Following up on this post (see especially the excellent comments), let’s take a look at why the Social Security program exists. As I said in the post cited, in part it’s aspirational (in part, of course, political): we want a society in which people who are too old to work can maintain a reasonable lifestyle and that produces an acceptable level of economic growth. Let’s think about the implications of the Social Security program ceasing to exist and people living solely on what they’re able to save over the course of a lifetime.

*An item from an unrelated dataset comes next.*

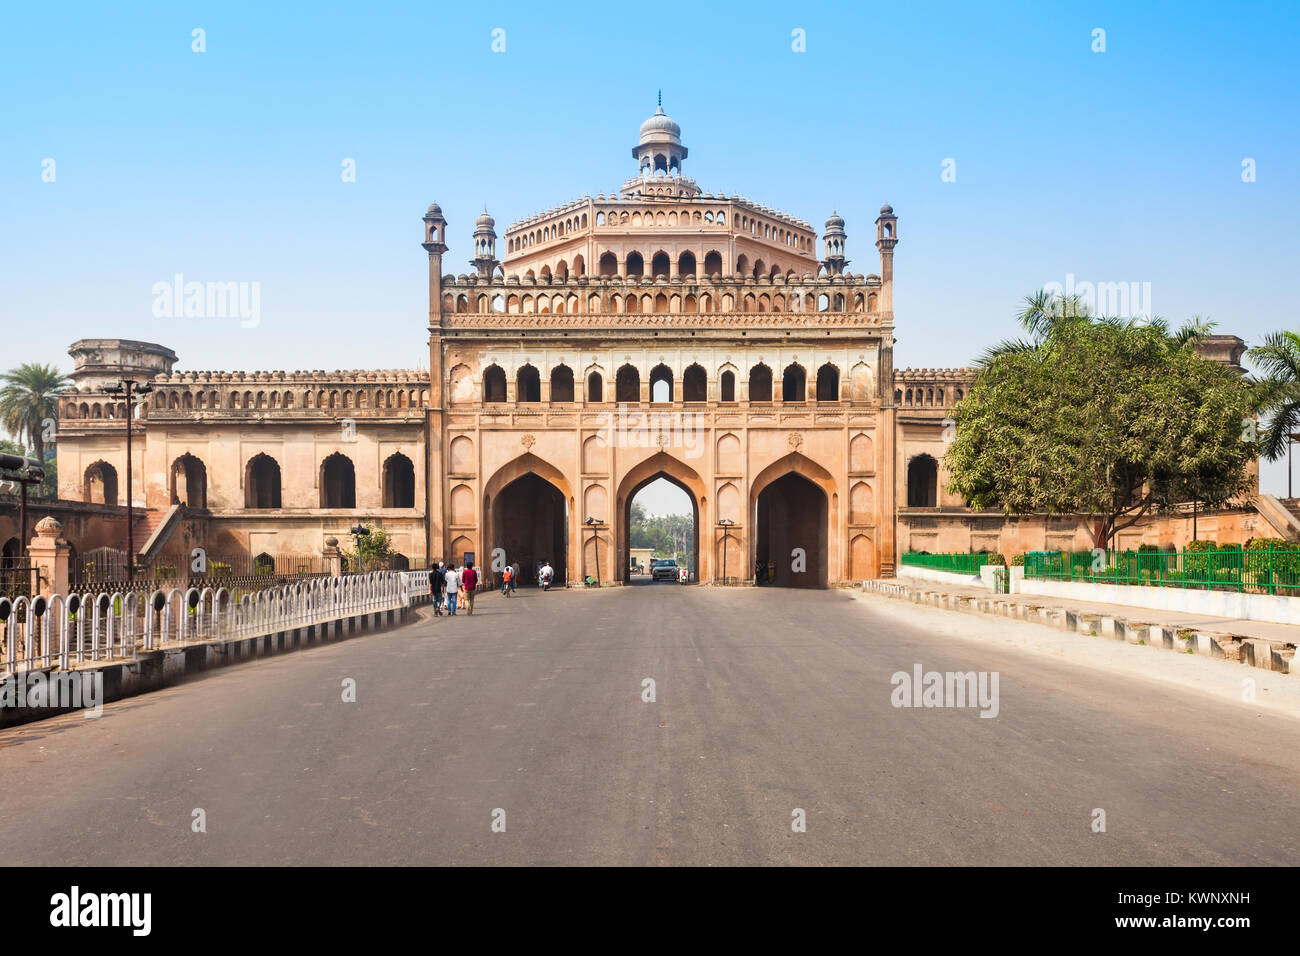 La Rumi Darwaza (Turco Gate) nella città di Lucknow, nello stato di Uttar Pradesh dell India è un imponente gateway. È un esempio di architettura Awadhi. Foto Stock

Using the retirement calculator here, I’ve been able to produce a baseline scenario, the results of which are in the graph above. My assumptions are a base income of $50,000 (median income for a family of four), the ability to realize 4% on savings for the whole term, paying principal down to zero over the term, working fulltime without hiatus from age 20 to age 67, realizing an income of $30,000 per year after retirement, inflation at 3% (its average for the last 300 years here), and wages incrfeasing slightly slower than inflation. I recognize that there are any number of ways in which these assumptions are unrealistically rosy, for example, a good part of the interest you’d realize on savings would be taxed away or eaten up in fees but you’ve got to start somewhere.
I also assume that Medicare continues to exist, at least for people age 67 or older.

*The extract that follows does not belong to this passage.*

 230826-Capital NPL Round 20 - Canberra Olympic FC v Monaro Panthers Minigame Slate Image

As you can see in order to achieve the target retirement income you’d need to save 25% of your gross income. That alone should be enough to convince you that people with average or below average incomes just aren’t able to save enough for their retirements but we’ll continue with the experiment.
Note that the result isn’t robust: it is extremely dependent on the rate of return that can be realized. At a 3% rate of return:
the rate at which you’d need to save rises to 35% and at 2% return (much, much more realistic in my view):
the rate at which you’d need to save rises to a whopping 50%.
Is it practical for people of average (or below average) income to save 25% of their income? Saving 25% leaves 75% or $37,500. Let’s make some more assumptions and construct a budget:
Here in Chicago I think that’s pretty realistic. A decent two bedroom apartment in an okay neighborhood will run at least $1,200 per month. Two CTA passes every month will cost about $2,000 a year (you won’t be able to buy a car, pay its insurance, put gas in it, and maintain it for $2,000 a year). I suppose you could scrimp a bit on food and utilities. Maybe someone more knowledgeable on shopping for healthcare insurance than I could comment on what it costs to insure a family of four. Note that if you assume that the job includes healthcare insurance you’ve got to assume it for everybody which is not a realistic assumption.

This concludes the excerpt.